FIG. 4 is a block diagram of the pool side bypass valve control device, FIG. 5 is a block diagram of the tank side bypass valve control device, and FIG. 6 is a block diagram of the stop valve control device. 1...Injection line, 2...Reactor pressure vessel, 3
... Condensate storage tank, 4 ... Tank side suction valve, 6
... Cooling water pump, 7 ... Injection valve, 10 ... Pool side suction valve, 12 ... Pool water piping, 13 ... Pool side bypass valve, 14 ... Pool side bypass line, 16 ... Tank side bypass valve , 17...tank side bypass line.

Claims (1)

[Claims] 1 Connect the reactor pressure vessel and the condensate storage tank, and sequentially from the condensate storage tank side, the tank side suction valve,
a cooling water pump, an injection line in which an injection valve is arranged, and a pool water pipe provided with a pool side suction valve that connects between the tank side suction valve and the cooling water pump and the suppression pool; A pool-side bypass line having a pool-side bypass valve connecting between the cooling water pump and the injection valve and the suppression pool, and connecting between the cooling water pump and the injection valve and the condensate storage tank.

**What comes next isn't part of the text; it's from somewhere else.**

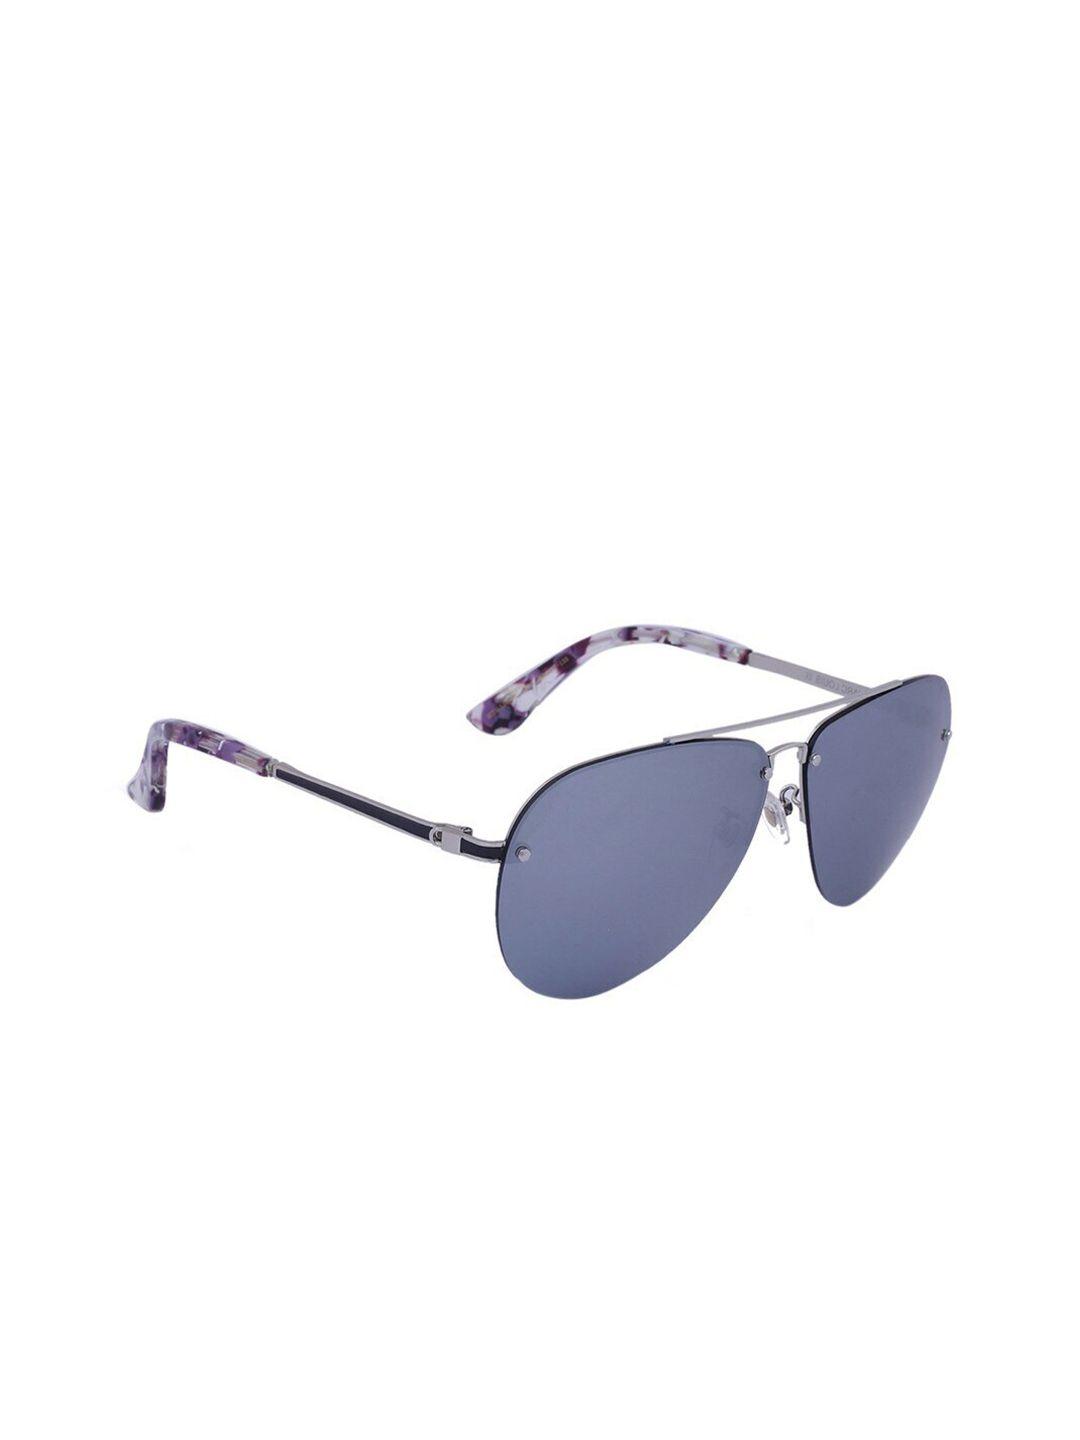 marc louis unisex mirrored lens & gunmetal-toned aviator sunglasses with uv protected lens
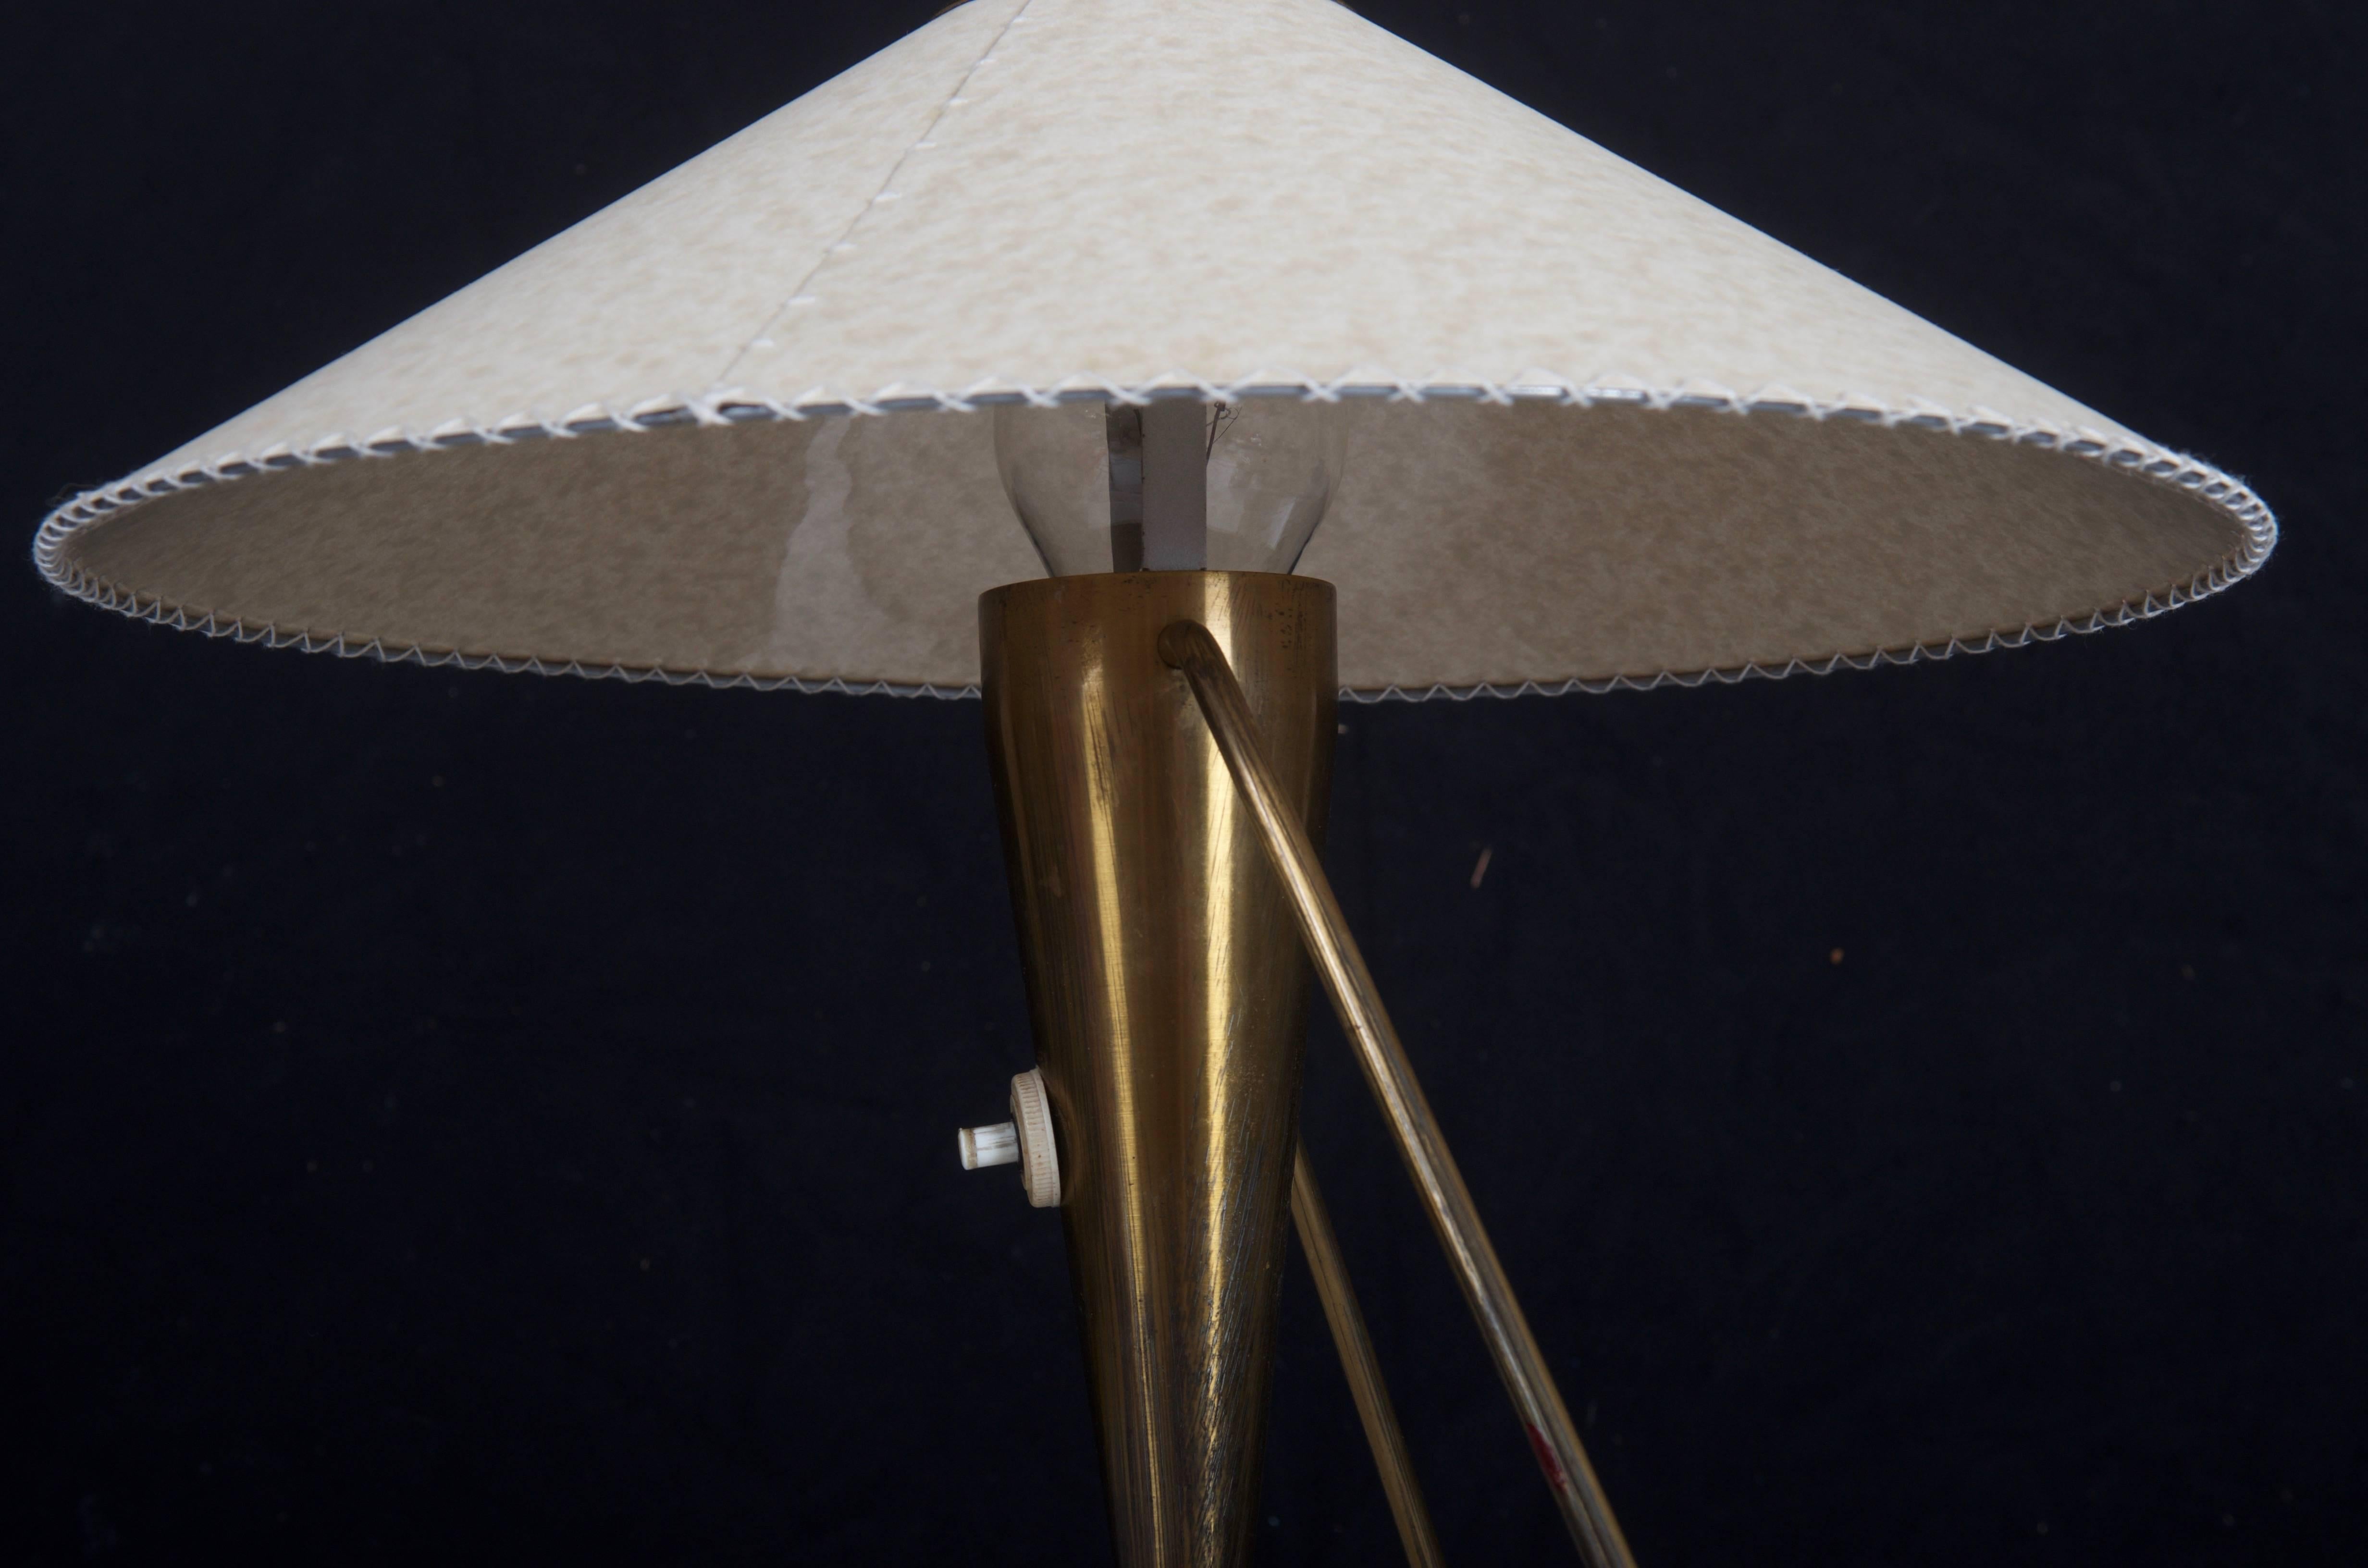 Czech Modernist Desk Lamp by Helena Frantova for Okolo In Excellent Condition For Sale In Vienna, AT

When the flow rate of the injection line decreases below a preset value during operation using the condensate storage tank as a water source, the tank side bypass line is equipped with a tank side bypass valve, and when the flow rate of the injection line decreases below a preset value, the tank side bypass valve is opened and the tank side bypass line is opened. A tank side bypass valve control device performs bypass operation using a side bypass line, and when the flow rate of the injection line decreases below a preset value during operation using the suppression pool as a water source, the pool side bypass valve is opened. A high-pressure core cooling system comprising: a pool-side bypass valve control device that performs bypass operation using the tank-side bypass line.